Question

The length of a rectangle is increasing at a rate of 9 cm/s and its width is increasing at a rate of 4 cm/s. When the length is 15 cm and the width is 12 cm, how fast is the area of the rectangle increasing

Answer 1

The area of the rectangle is increasing at a rate of 168 square centimeters per second.

Explanation:

Geometrically speaking, the area of a rectangle (
`A`), in square centimeters, is described by following expression:

`A = w\cdot l` (1)

Where:

`w` - Width, in centimeters.

`h` - Height, in centimeters.

By Differential Calculus, we find an expression for the rate of change of the area of the rectangle (
`\dot A`), in square centimeters per second:

`\dot A = \dot w\cdot l + w\cdot \dot l` (2)

Where:

`\dot w` - Rate of change of the width of the rectangle, in centimeters per second.

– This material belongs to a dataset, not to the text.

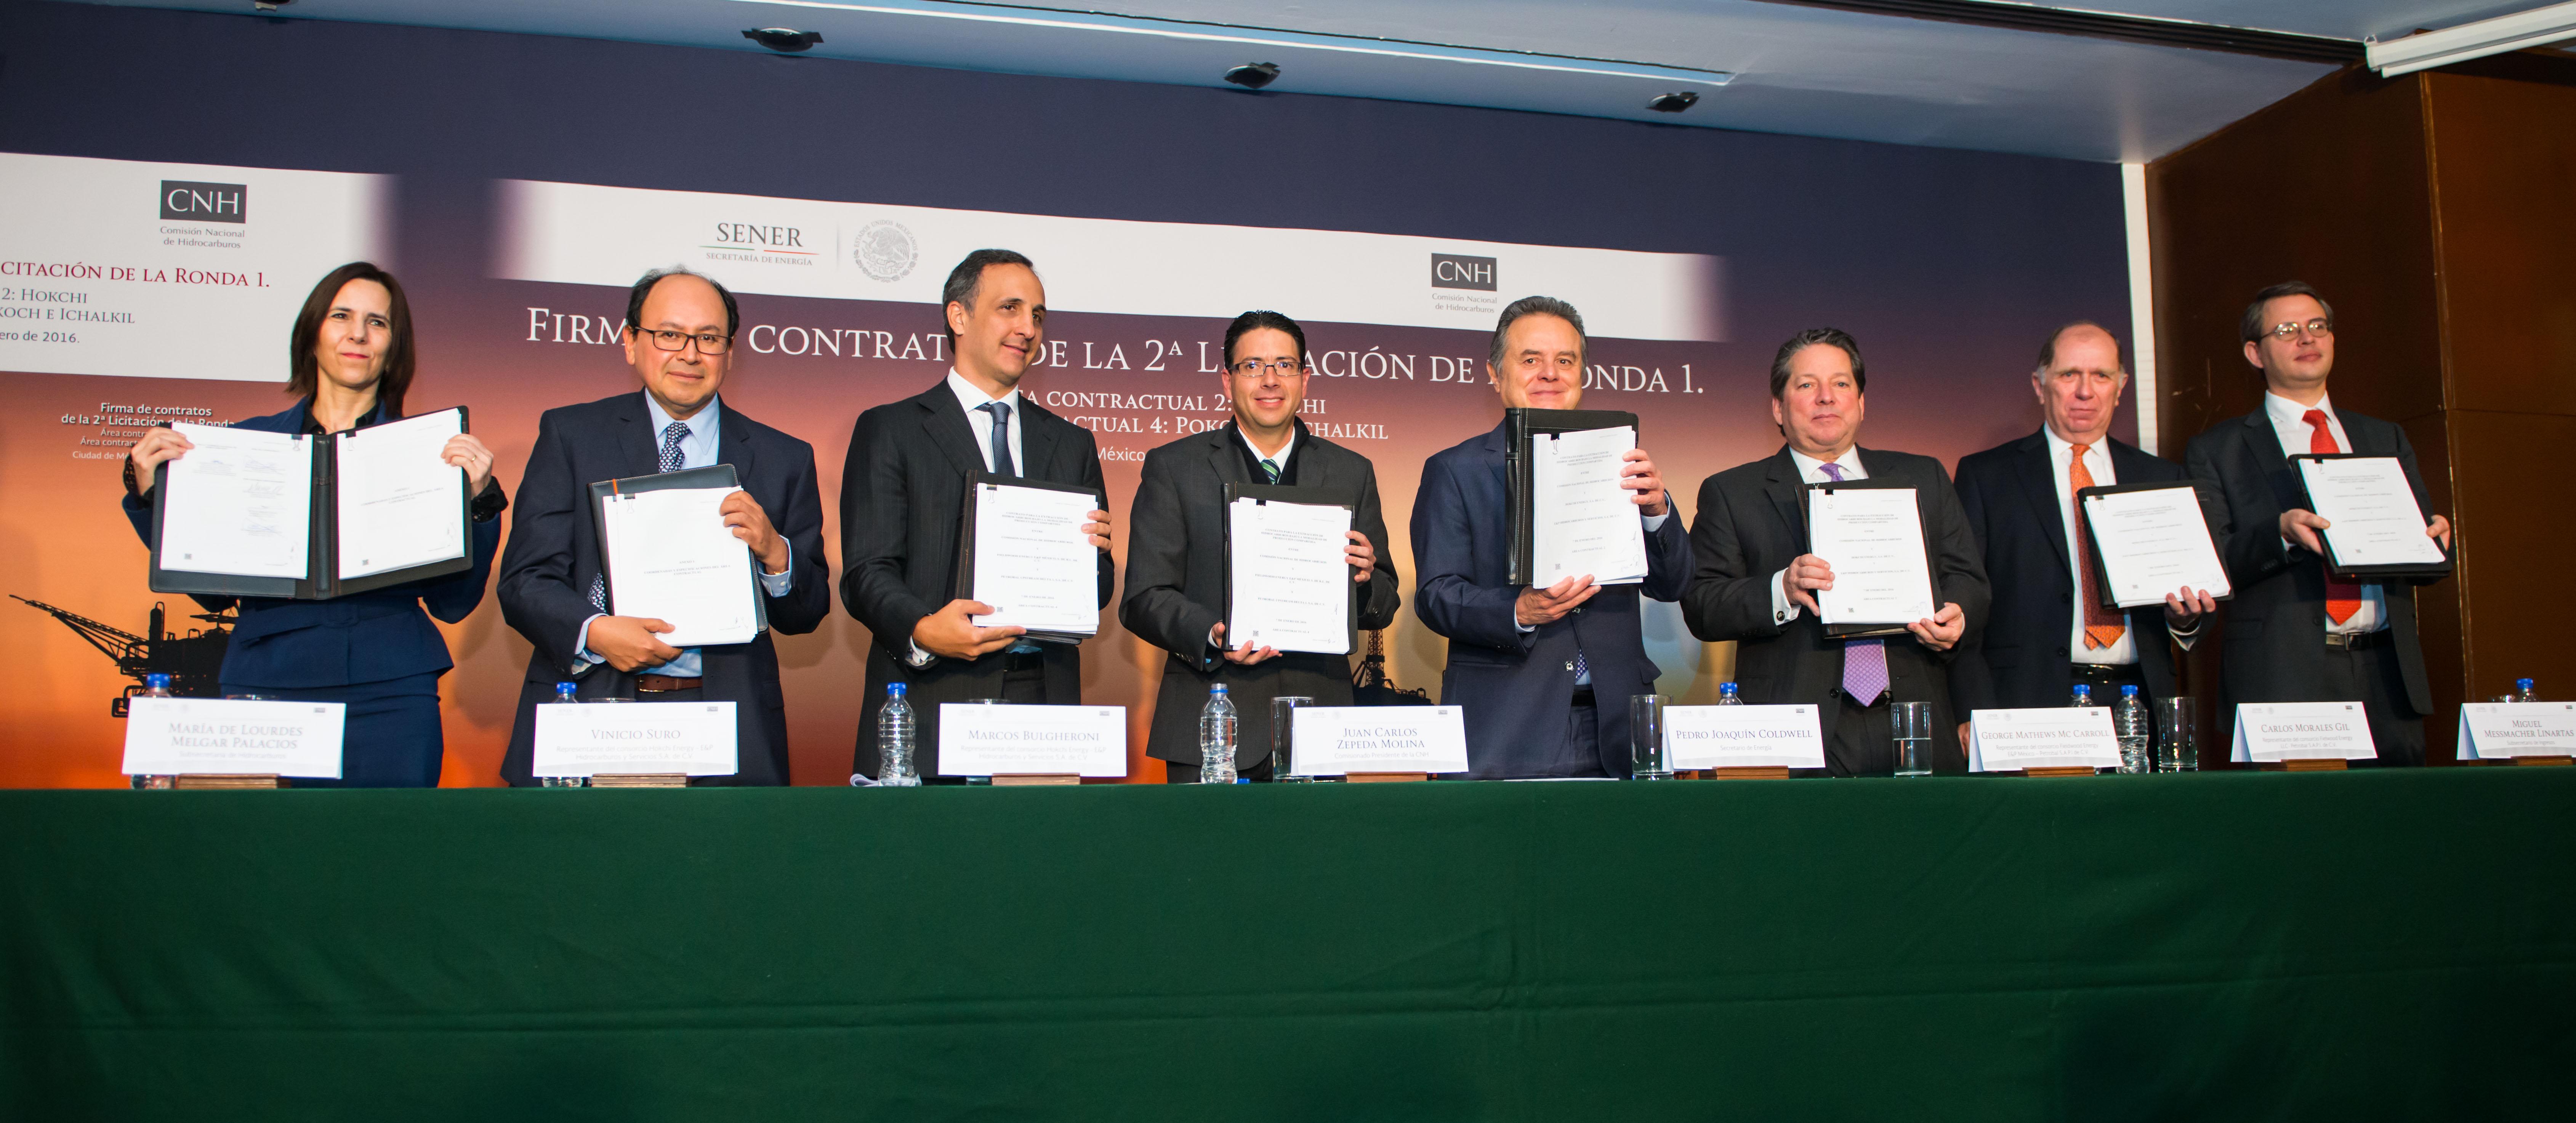 Firma de contratos Segunda Licitación de la Ronda Uno
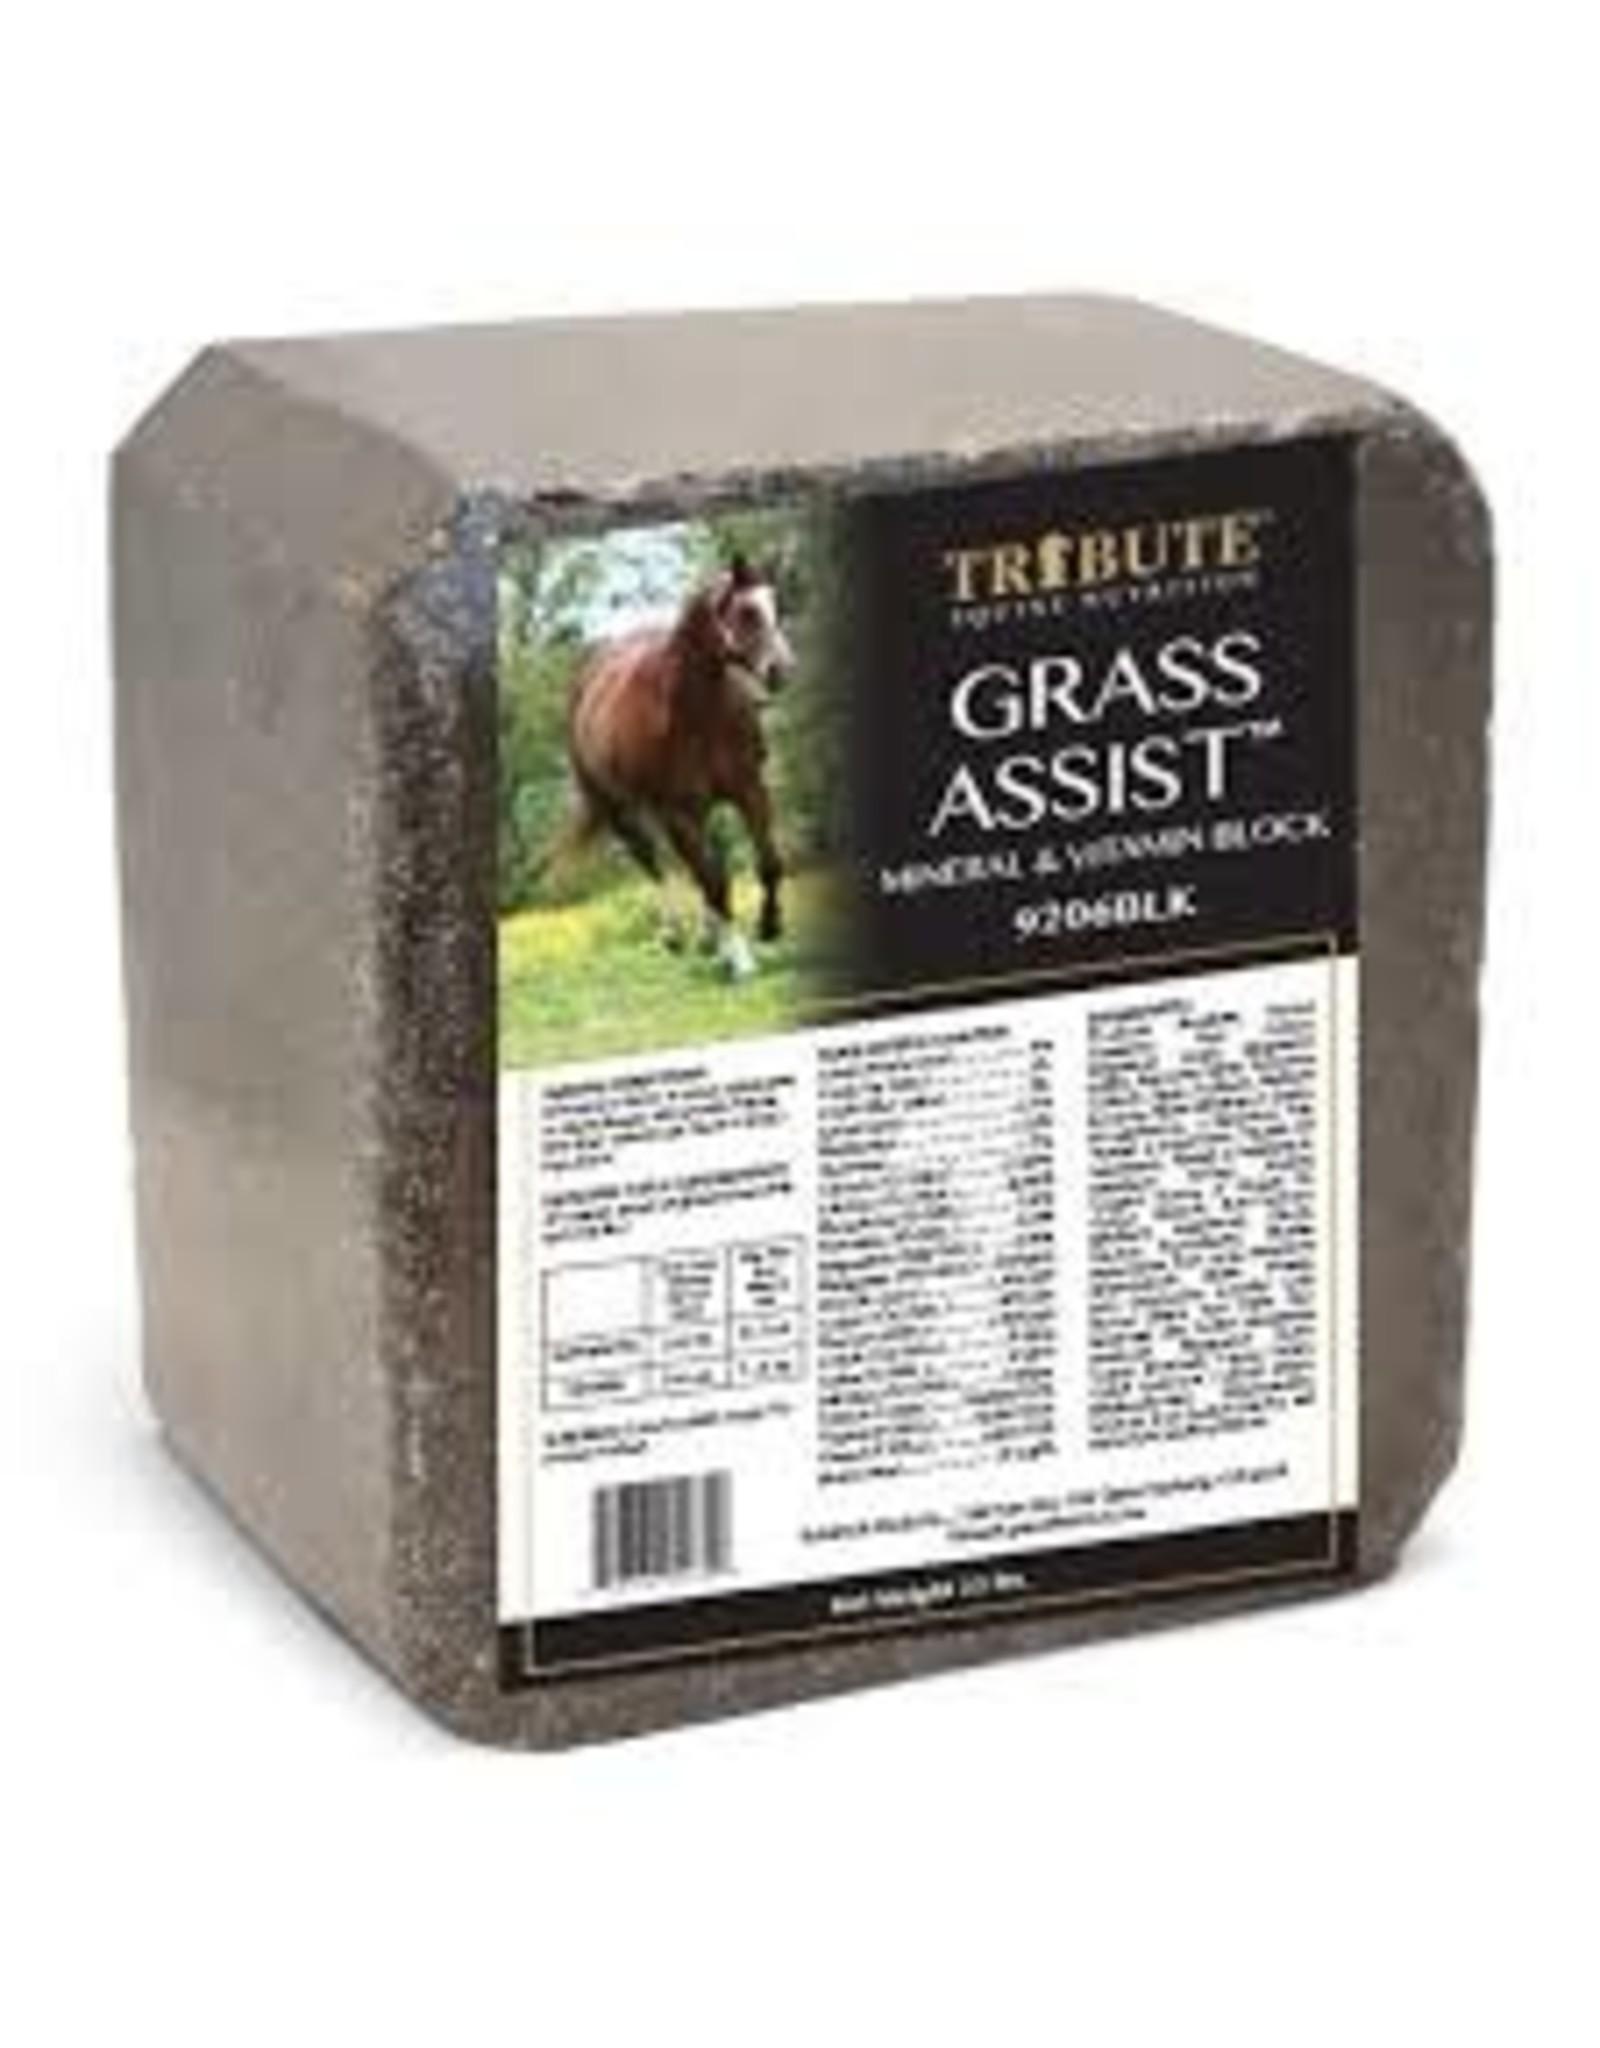 Tribute Grass Assist Mineral Block

`\dot l` - Rate of change of the length of the rectangle, in centimeters per second.

If we know that
`w = 12\,cm`,
`l = 15\,cm`,
`\dot w = 4\,(cm)/(s)` and
`\dot l = 9\,(cm)/(s)`, then the rate of change of the area of the rectangle is:

`\dot A = \dot w\cdot l + w\cdot \dot l`

`\dot A = 168\,(cm^(2))/(s)`

The area of the rectangle is increasing at a rate of 168 square centimeters per second.